I'm trying to prove the following: $$\iint_R(\phi_1\nabla^2\phi_2-\phi_2\nabla^2\phi_1)\ dR = 0$$
For $ 0 < x < L, 0 < y < H$. Given $\phi_i(x,y) $ satisfying the boundary conditions $$ \phi_i(x,0) = 0 = \phi_i(x,H) \ \ ||| \ \frac{\partial \phi_i}{\partial x}(0,y) = 0 = \frac{\partial \phi_i}{\partial x}(L,y) $$
where the $\phi_i(x,y) $ also satisfy $$\nabla^2 \phi_i + \lambda_i \phi_i = 0 $$
This is what I've done so far:
$$\iint_R(\phi_1\nabla^2\phi_2-\phi_2\nabla^2\phi_1)\ dR = \oint_{\partial R}(\phi_1\nabla\phi_2-\phi_2\nabla\phi_1) \cdot \textbf{n} \ ds$$ which is deduced from Green's Second Theorem.

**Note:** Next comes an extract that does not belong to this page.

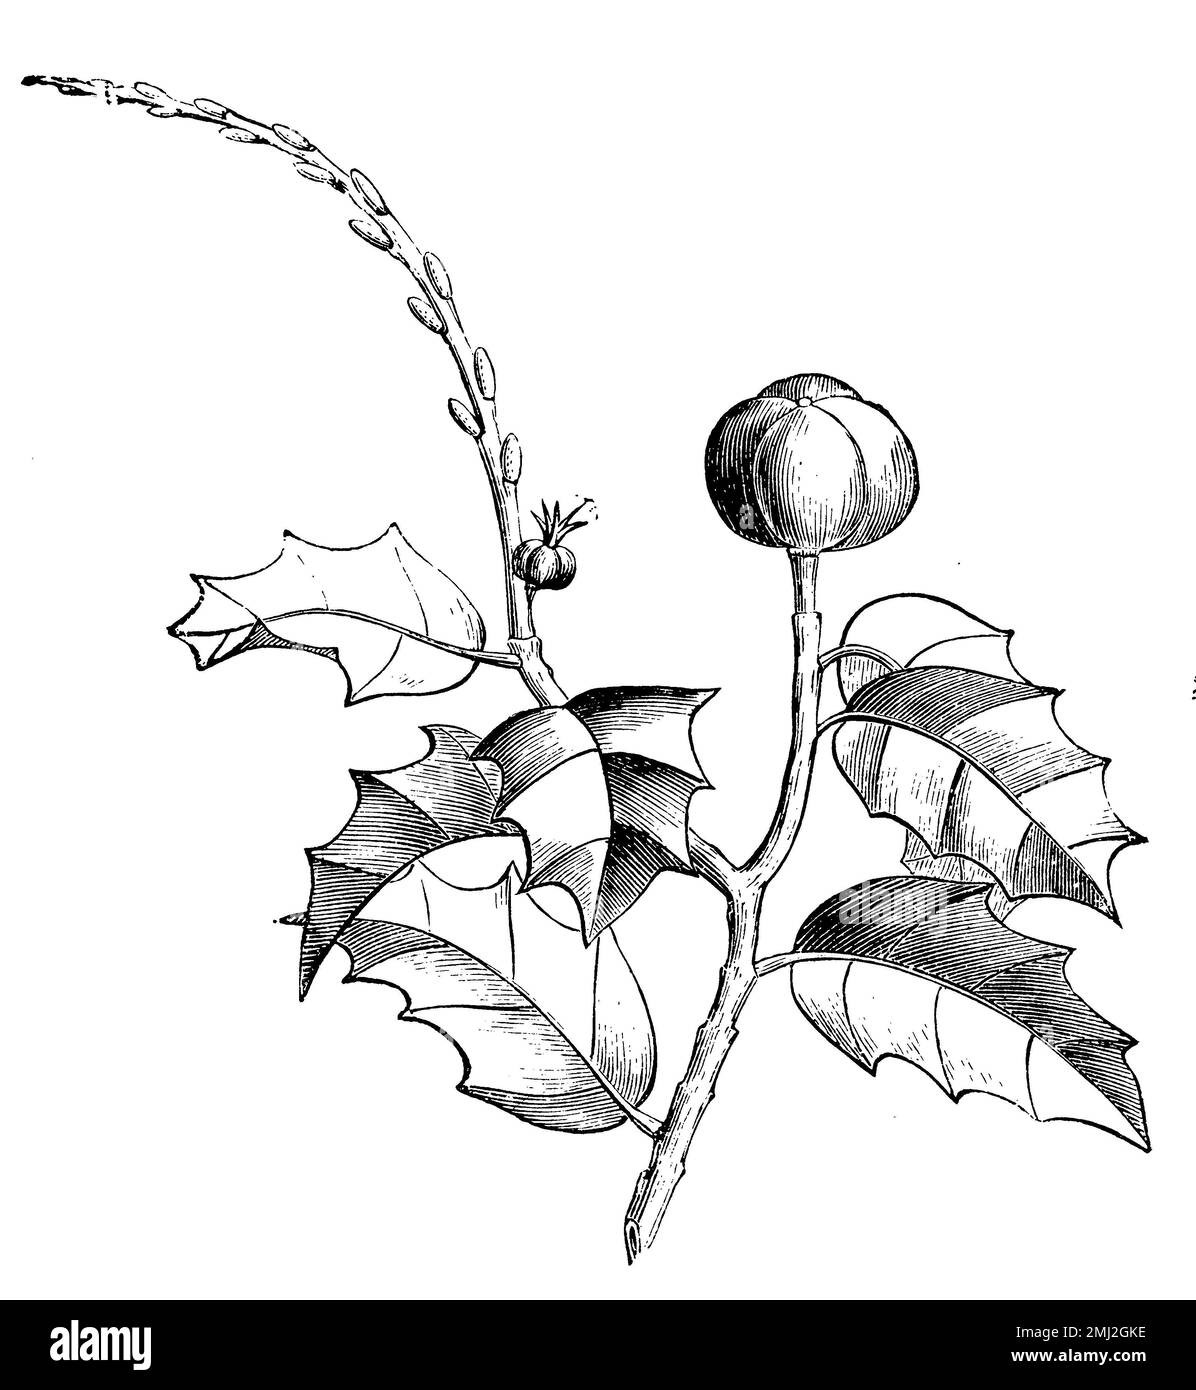 manchineel, Hippomane mancinella,  (encyclopedia, 1890), Manchinelbaum, mancenillier Stock Photo

My issue is how to evaluate this last line integral given that there's the gradient and I don't know the normal vector.
$\oint_{\partial R} (\phi_1\nabla\phi_2-\phi_2\nabla\phi_1)\cdot \mathbf{n}$ = $$\int_{A} (\phi_1\nabla\phi_2-\phi_2\nabla\phi_1)\cdot \mathbf{n} \ d\sigma + \int_{C} (\phi_1\nabla\phi_2-\phi_2\nabla\phi_1)\cdot \mathbf{n} \ d\sigma$$
Where A and C are the vertical borders of the rectangle (our domain). Here, we use boundary conditions, that's why horizontal borders disappear. But the two remaining integrals have null integrands : $\phi_1\nabla\phi_2-\phi_2\nabla\phi_1$ is a $y$ coordinate vector, and the normal vector is a $x$ coordinate vector (since A and C are the vertical borders), so the dot product is null.